*EXERCISE DETAILS*.
Restate verbatim the span of lines below between the line with "電気タイプライター:短いタイピング...の未再生の波形" and the line with "Suzuki Tone Chimes", including those two lines, and only that span.
START INFORMATION
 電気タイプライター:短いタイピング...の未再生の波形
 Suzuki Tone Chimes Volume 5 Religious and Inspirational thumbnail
END INFORMATION
START INFORMATION
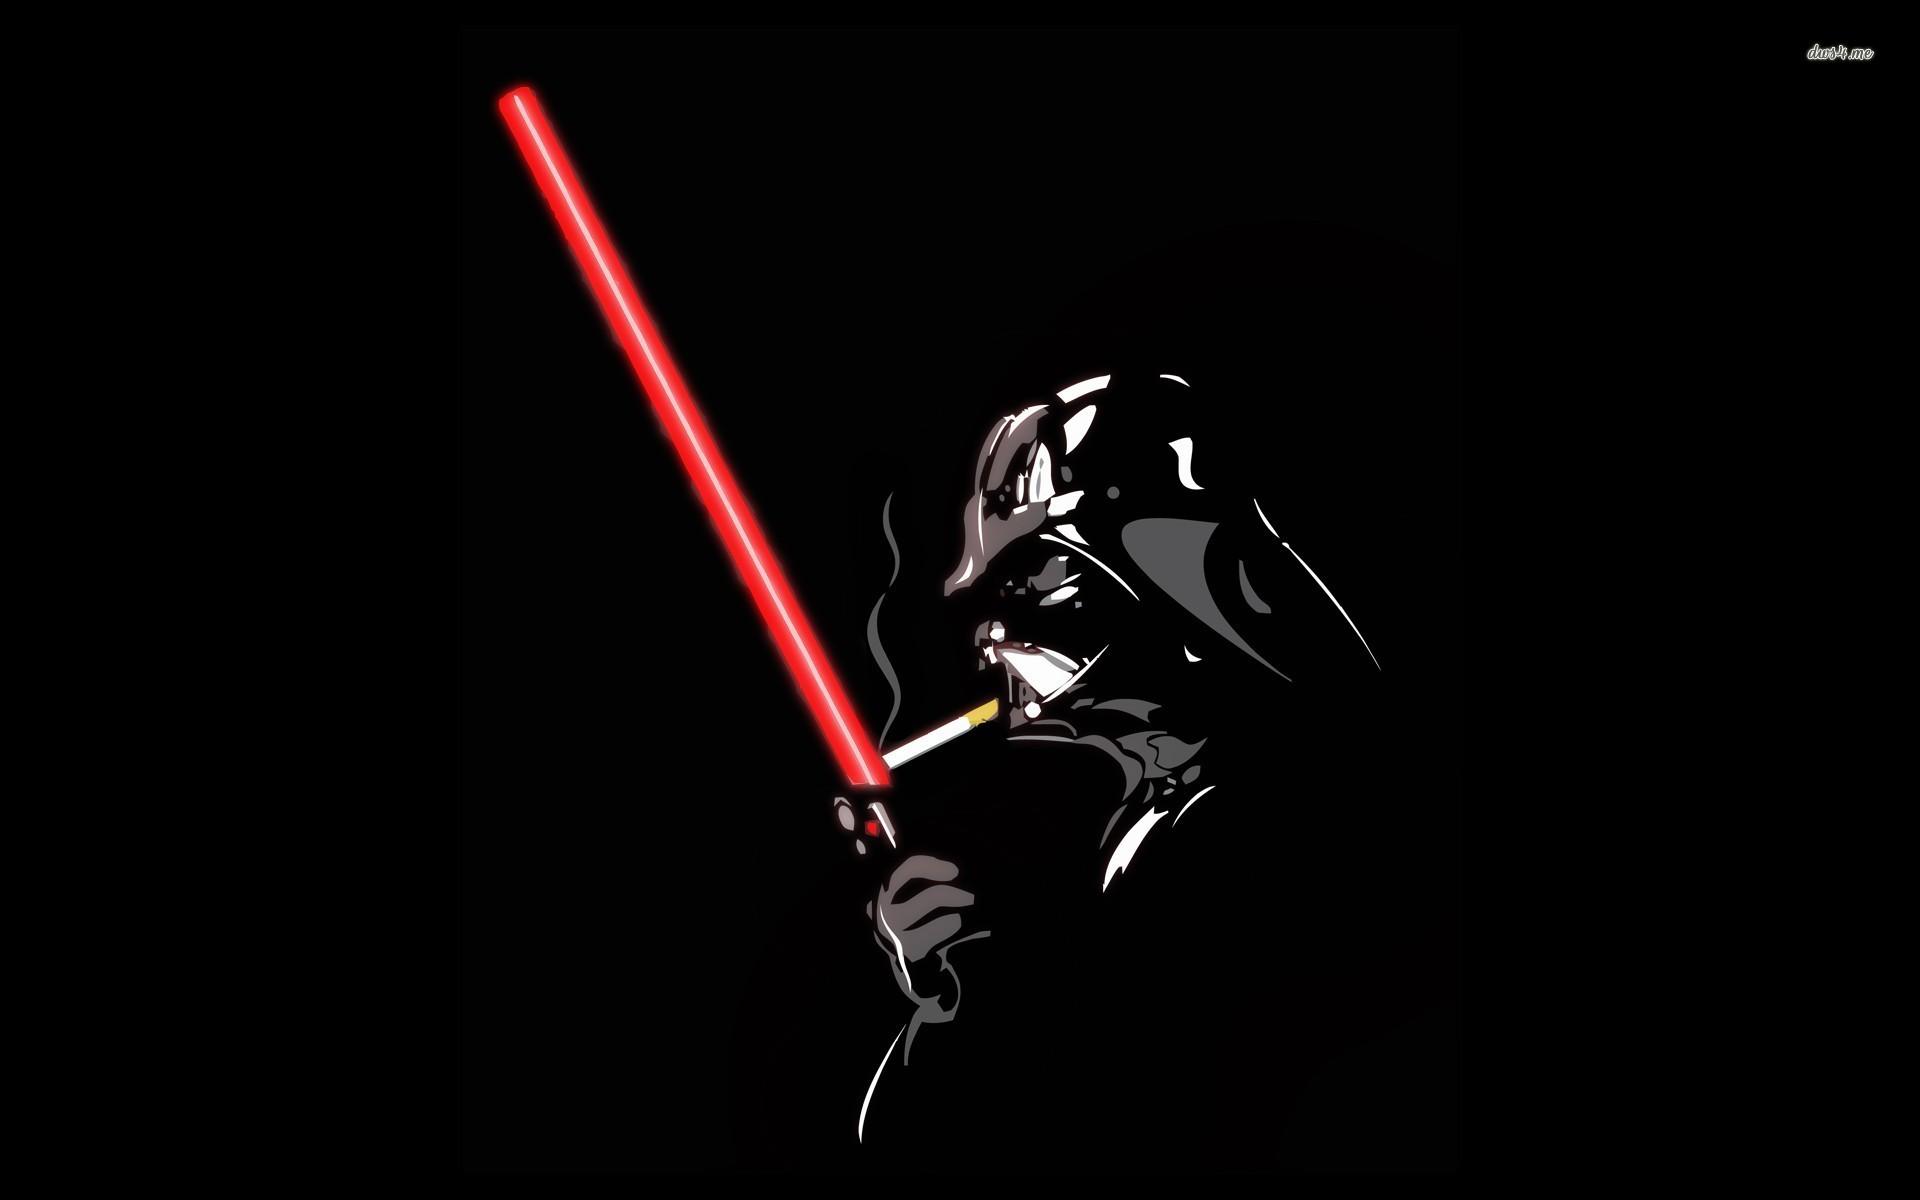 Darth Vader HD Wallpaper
END INFORMATION
*RESPONSE BELOW*.
 電気タイプライター:短いタイピング...の未再生の波形
 Suzuki Tone Chimes Volume 5 Religious and Inspirational thumbnail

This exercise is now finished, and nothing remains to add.